:: Supplied material ::
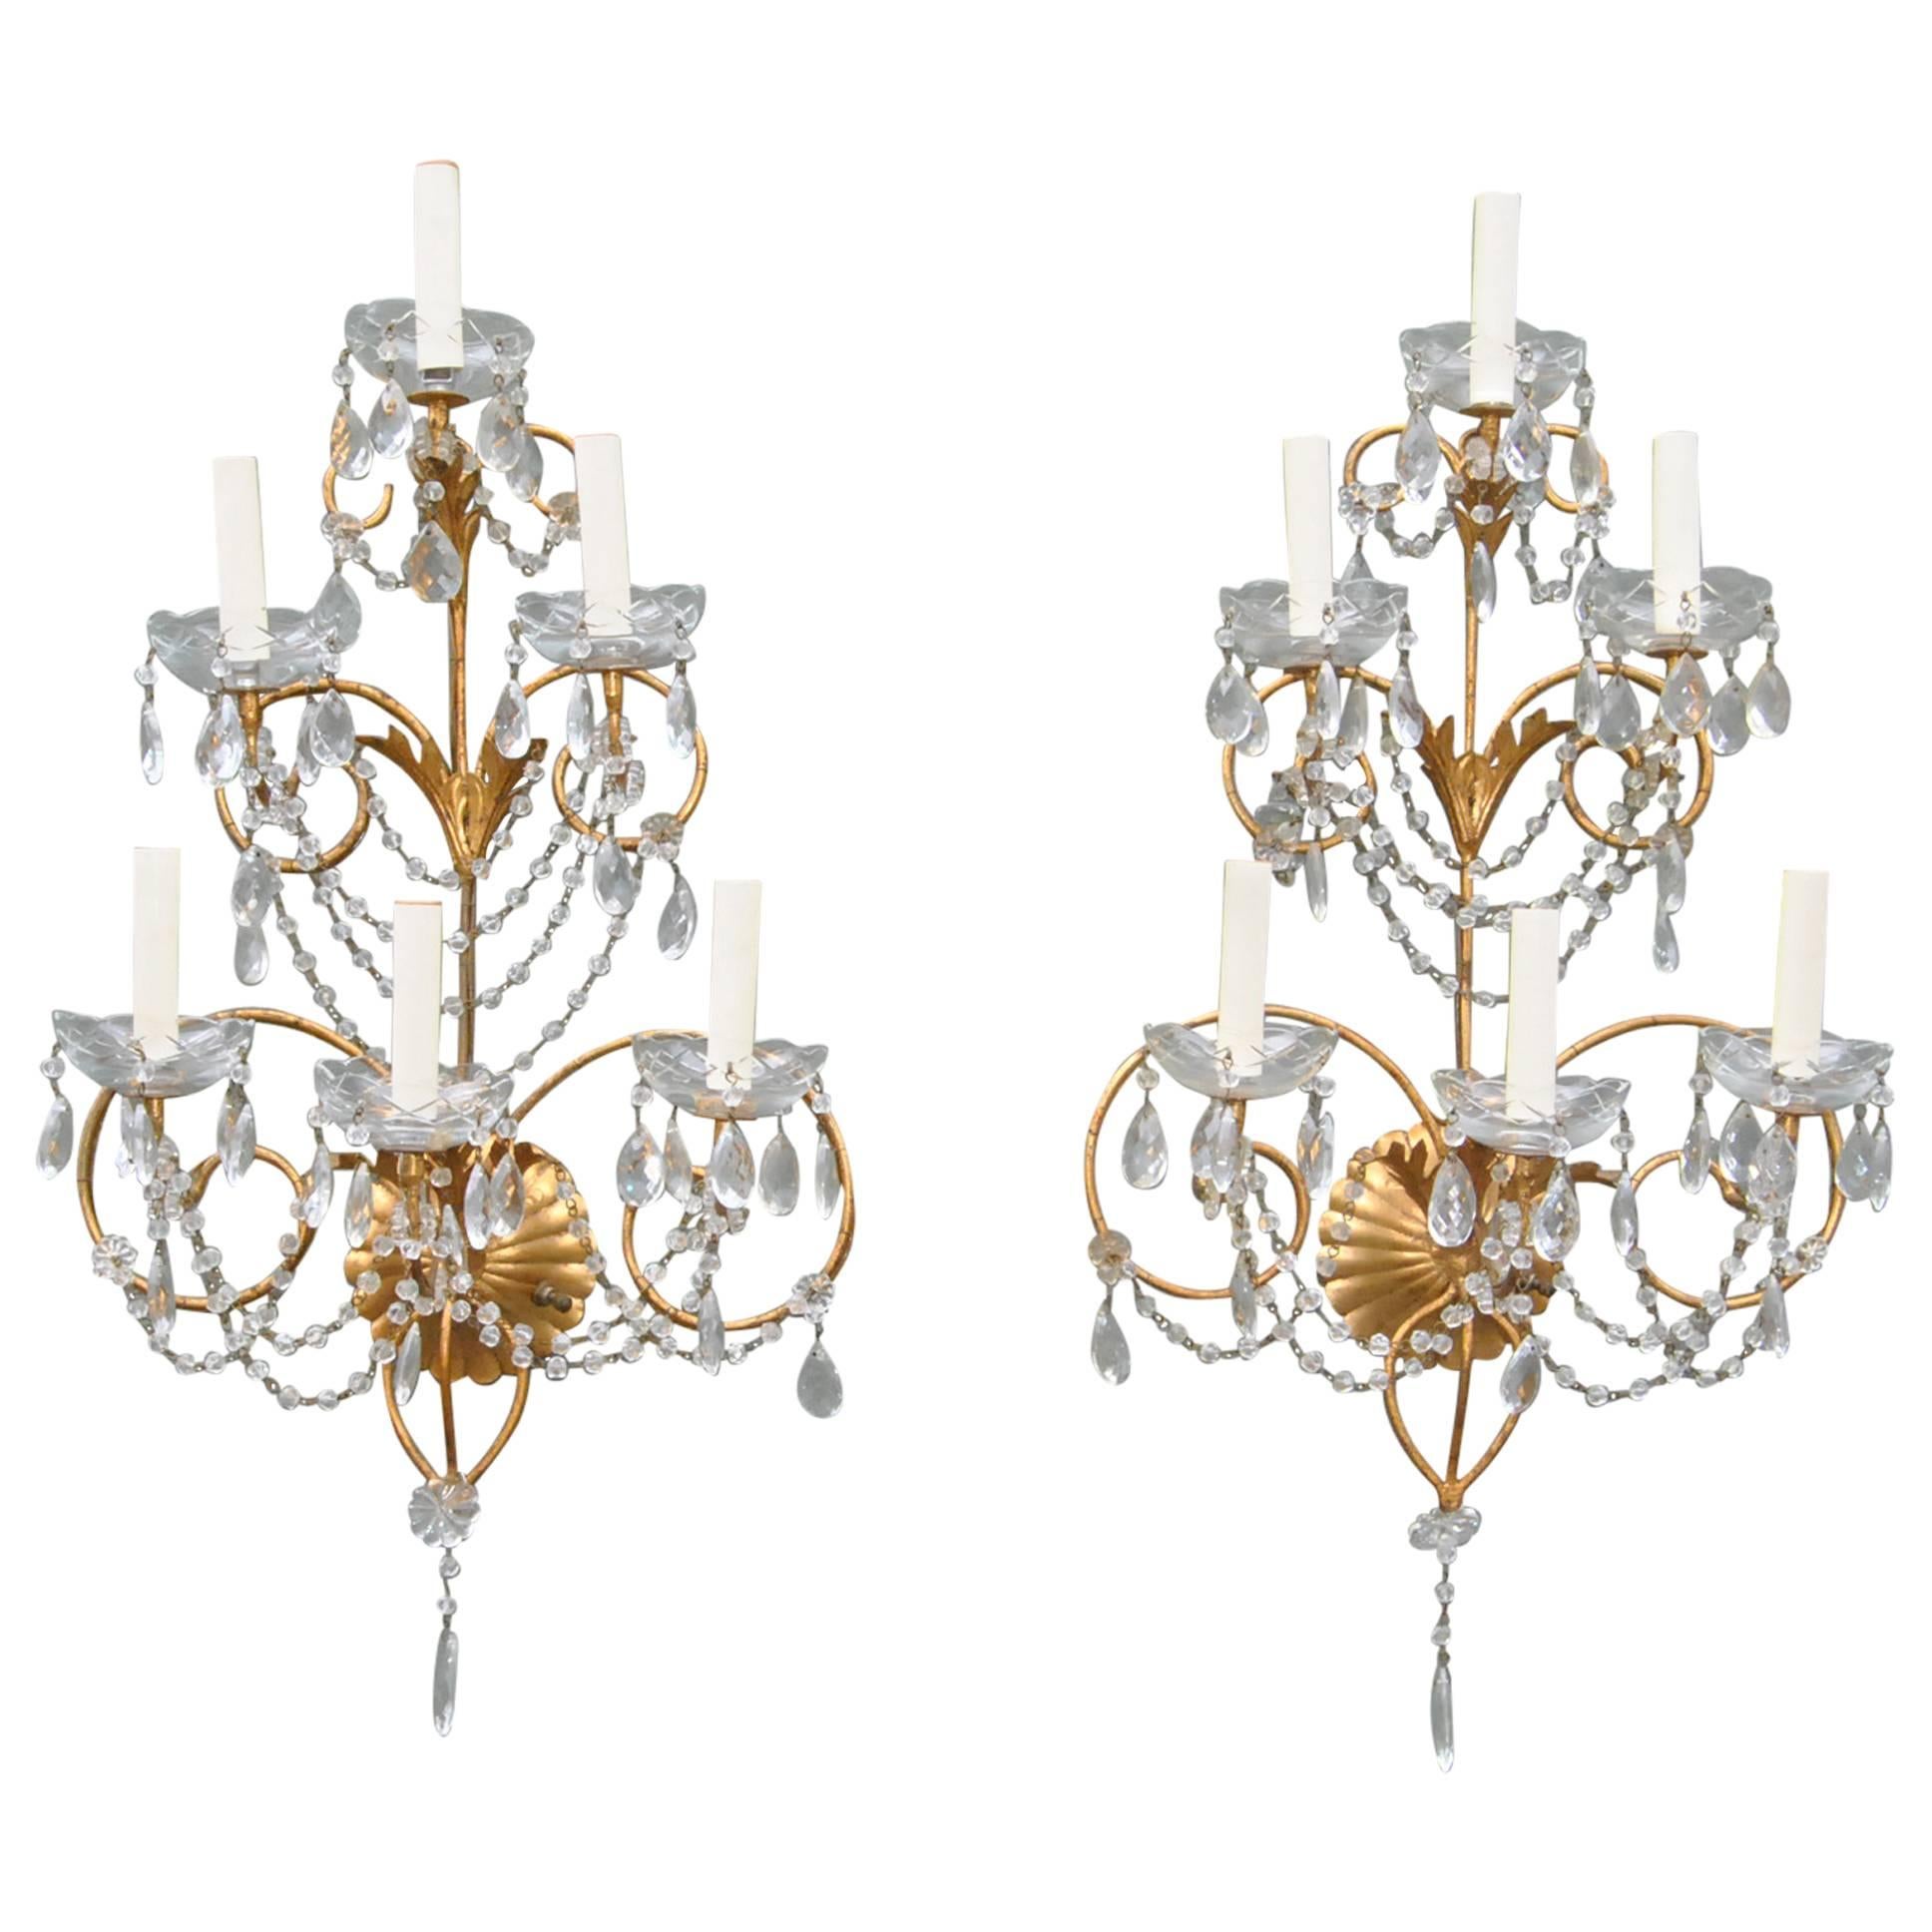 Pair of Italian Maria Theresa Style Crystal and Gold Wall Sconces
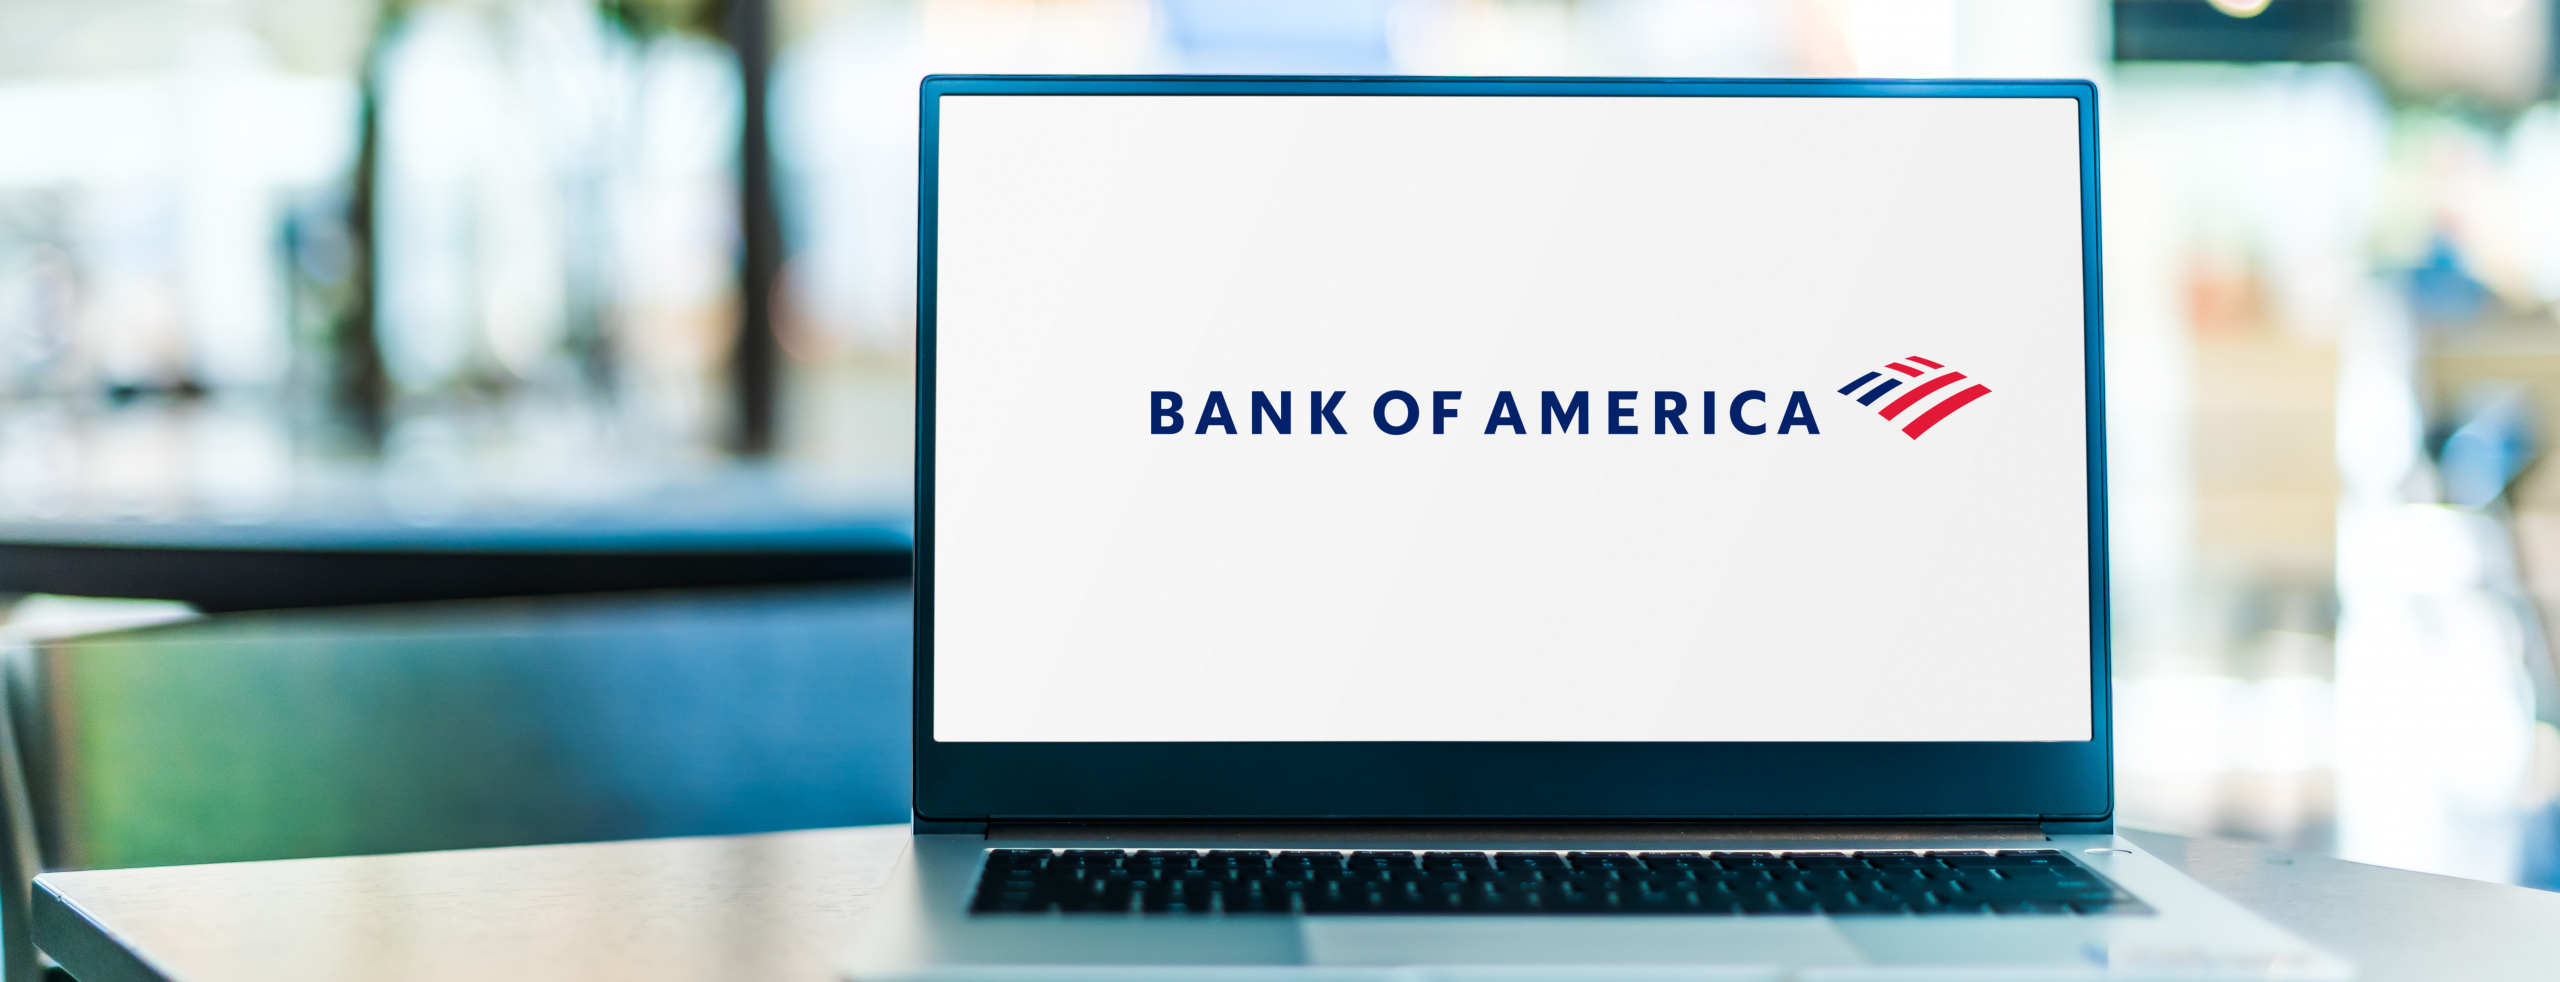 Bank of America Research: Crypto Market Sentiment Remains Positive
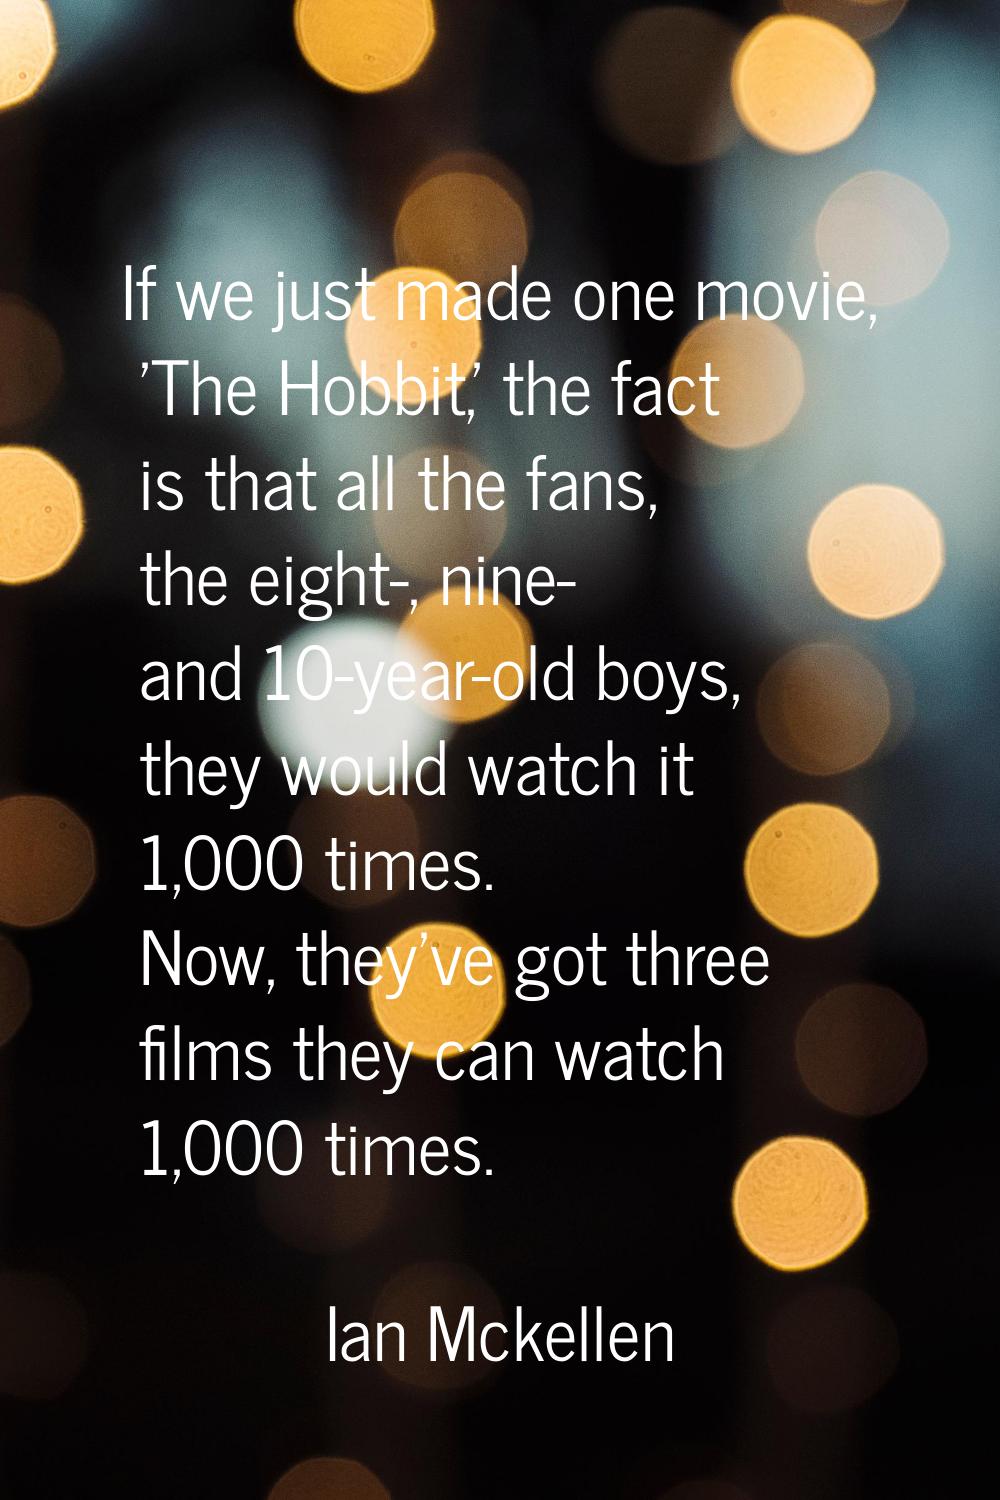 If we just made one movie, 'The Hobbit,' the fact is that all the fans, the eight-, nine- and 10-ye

:: Description of the task ::
From the line with "Bank of America" through the final line of the data above, copy everything exactly, both ends included, but not the pictures.

:: Solution ::
 Bank of America Research: Crypto Market Sentiment Remains Positive
 If we just made one movie, 'The Hobbit,' the fact is that all the fans, the eight-, nine- and 10-ye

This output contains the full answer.